Friday, May 30, 2008

tonight, tonight

Won't be just any night.

We're rumbling with the Jets and Tony and me are running away...


That's not it.

Tonight, 9:30 at the fabulous People's Improv Theater, the PIT itself, 154 W. 29th Street, 2nd Floor, the multi-talented Matt Oberg (he of the mean streets of Westchester)speaks an hour and five minutes of entirely memorized words in front of whoever shows up. It's The Event, the first public showing of this strange, strange new theater work/thing that I wrote down and asked Matt to learn.

Big fun.

Looks like they're going to do a production of Fatboy on the island of Malta. I was excited until Steve Kovacs told me that the currency in Malta is falcon talons, beaks and feathers. No actual money. Just falcon parts.

Can anyone break a beak?

Thank you.

Dave Calvitto (the dago limey), and his date Katherine (the British teacher from Michigan) forced me to stay up until 2:00 AM last night, pouring whiskey down my throat and insisting that I tell them my deep opinions and cherished beliefs about everything in this here world.

Bad companions. My mother warned me. Just can't trust those wop Brits.
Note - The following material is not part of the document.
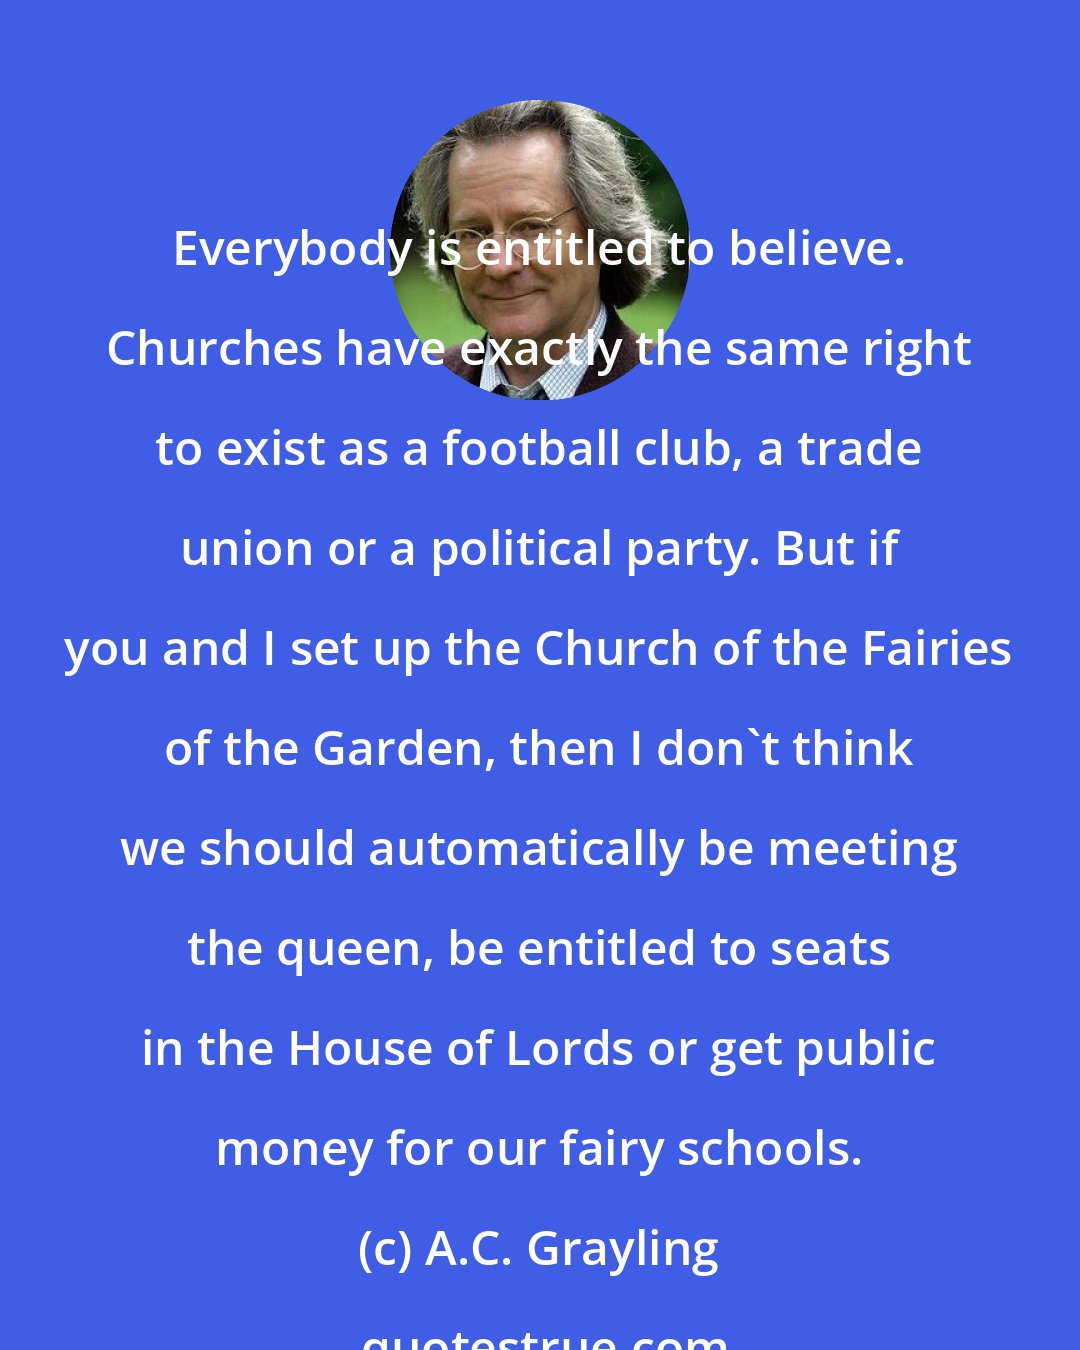 A.C. Grayling: Everybody is entitled to believe. Churches have exactly the same right to exist as a football club, a trade union or a political party. But if you and I set up the Church of the Fairies of the Garden, then I don't think we should automatically be meeting the queen, be entitled to seats in the House of Lords or get public money for our fairy schools.

Come to the show tonight or I'll know, finally, that you don't really love me or the American theater or my mother. Or your mother.

We're going to stomp those Jets, man.


Ann said...

They made you stay up until 2 a.m.????? Oh, the humanity! Did you tell them the joke about Ed and Bill the horse racing brothers? I'm going to spring that one on Jim while we're walking the dog up the big hill this afternoon.

John said...

Tell Jim the long version. The one you heard was very abbreviated. Punch line works much better if hours have passed.

You're not actually going for a laugh with this one, the real brass ring is the stunned silence, the questioning look, maybe the punch in the arm.

Yeah, 2:00 AM. That's about when you and I got started.

Still hurting, me. Lots of juice and darkened rooms for a few days.

Ann said...

And this is why I'm only invited to visit people once a year or so. Takes about that long to forget how punishing the whole Ann Experience can be if you haven't properly trained for it.

Tell you what, though: that was hands-down the best drunken late night conversation I've had in a good long while. And the soundtrack kicked ass, too. It was worth driving home all squinting and hungover approximately six hours after going to bed.